An example will make this clearer: A binary number with five -bit word length has three integer digits and two decimal places. Thus, the range of values ​​can be represented -4 to 3.75 in steps of 0.25. The number 2.25 corresponds to the binary number 010.012. If now the two's made ​​of all the digits of the binary number are inverted and 2-2 = 0.25 is added, which results in 101.112 = -2.25.

Generalization to other value systems

Also in other important systems can represent integers without using a minus sign. But it has the problem here that the distinction between positive and negative numbers can be agreed more or less arbitrary.

If you limit yourself to - digit numbers to the base, then you can represent integers from 0 to.

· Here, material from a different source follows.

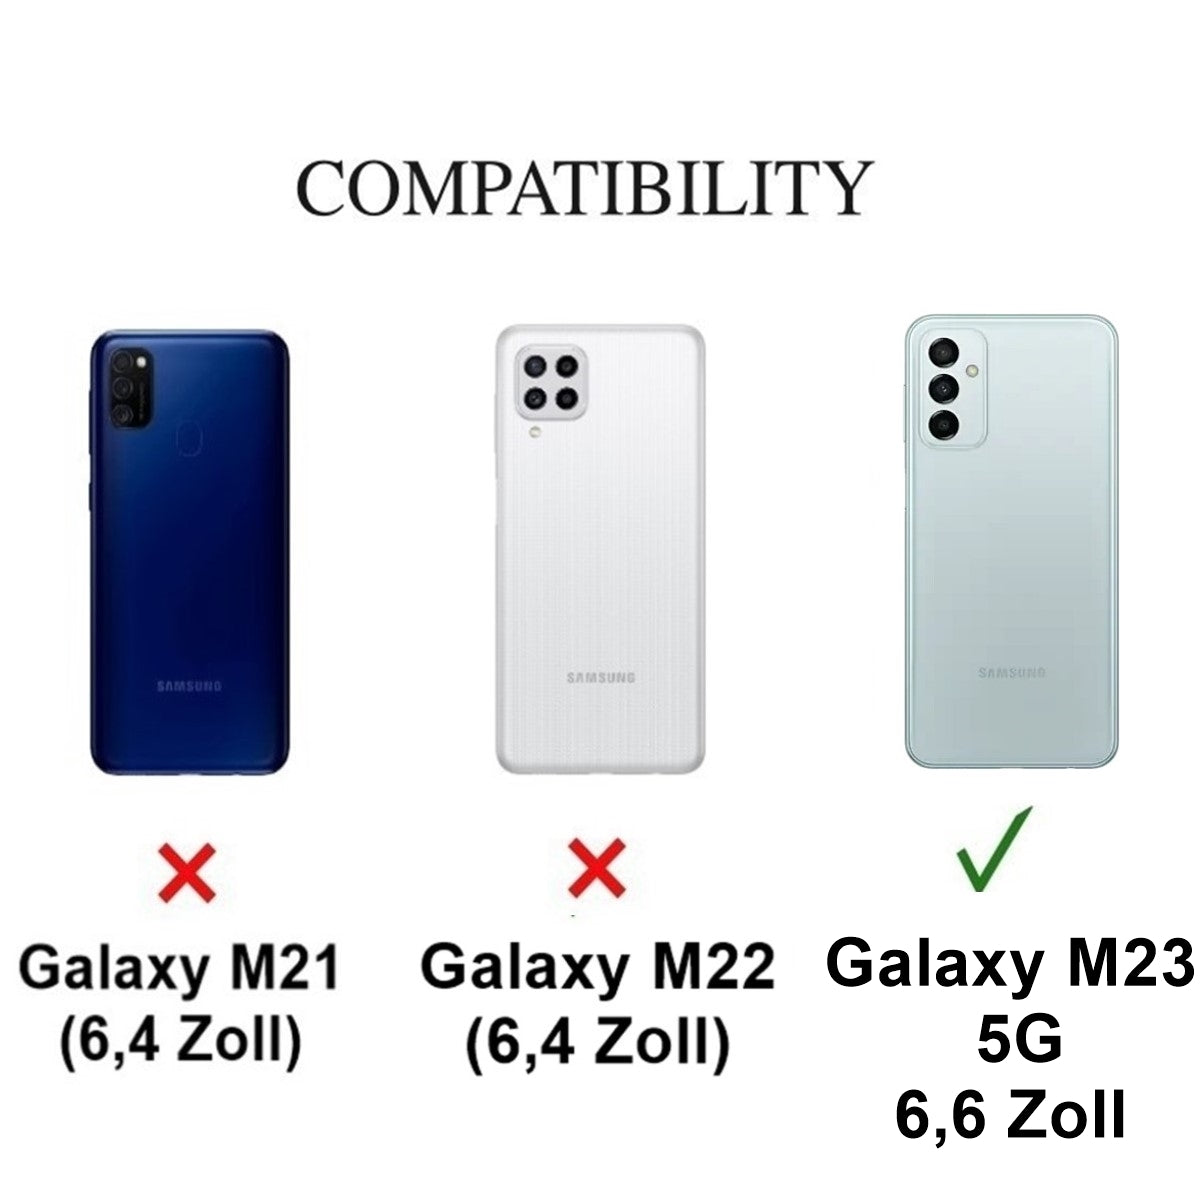 Hülle für Samsung Galaxy M13/M23 5G Handyhülle Flip Case Cover Etui Mandala Grau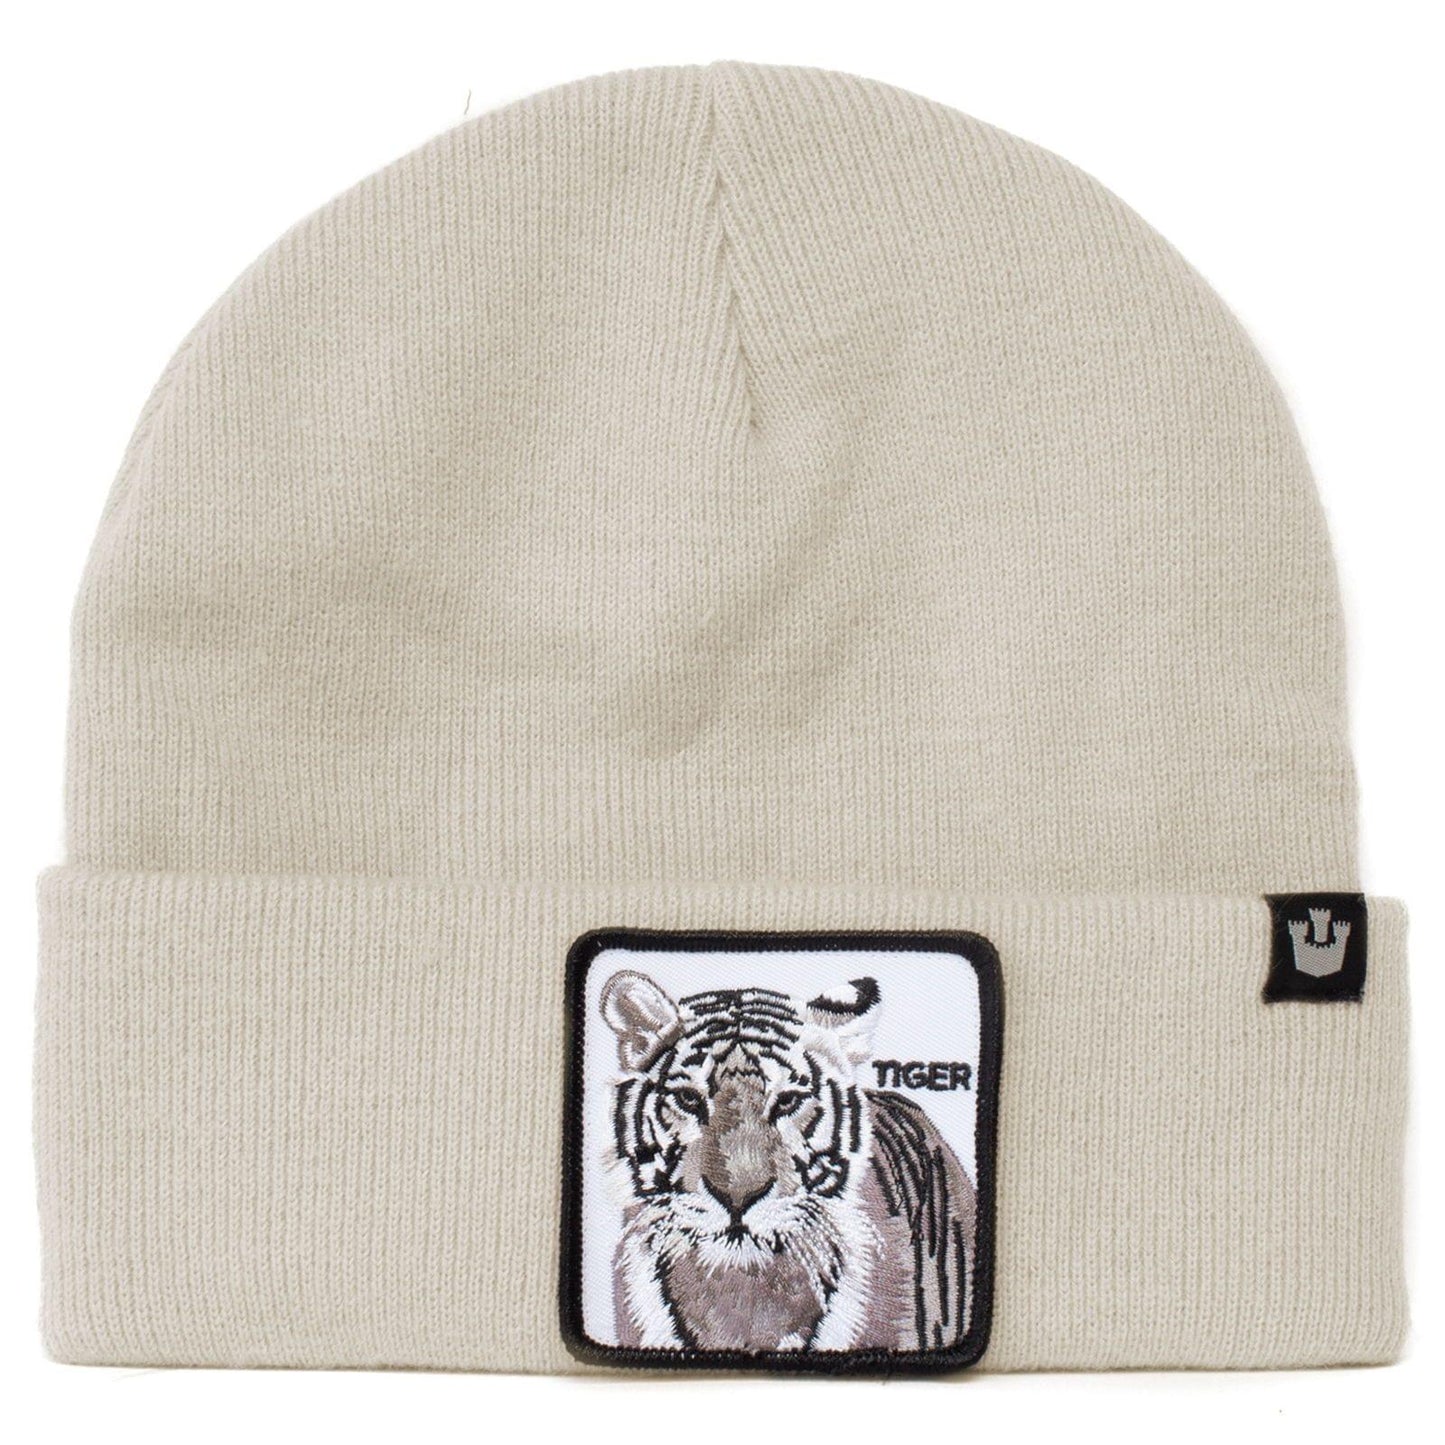 Goorin Bros Hot Tiger Winter Cap in White, Tiger

If one is a number in this area than the largest positive number fixed, then you can interpret any number larger than two's complement representation of the negative number.

The arithmetic operation of negation is carried out analogously as in base 2: Each digit is replaced by, and so the resulting number 1 is added.

For the base and the number of digits obtained for -1 this presentation:

• The numbers of 1, 001
• The negation of the columns gives 443
• Addition of 1 supplies 444

Thus, -1 is represented as 444. The addition 444 001 (base 5 and No. 3) gives 000 as the last transfer is eliminated.

If we take in this example, the largest positive number than 222 fixed (base 5, decimal, this number has the value 62 ), then 223 = -222 is the smallest negative number (decimal -62 ). Thus, the number range is from -62 to 62 in decimal.

For base 10 and No. 2 has 99 = -01 and 50 = -50, here you have so as to base 2 is another number next to 0, which coincides with its two's complement representation. This phenomenon occurs with any straight base.

Generalizing this notation further by allowing infinitely many digits, you get the opportunity to present p- adic integers.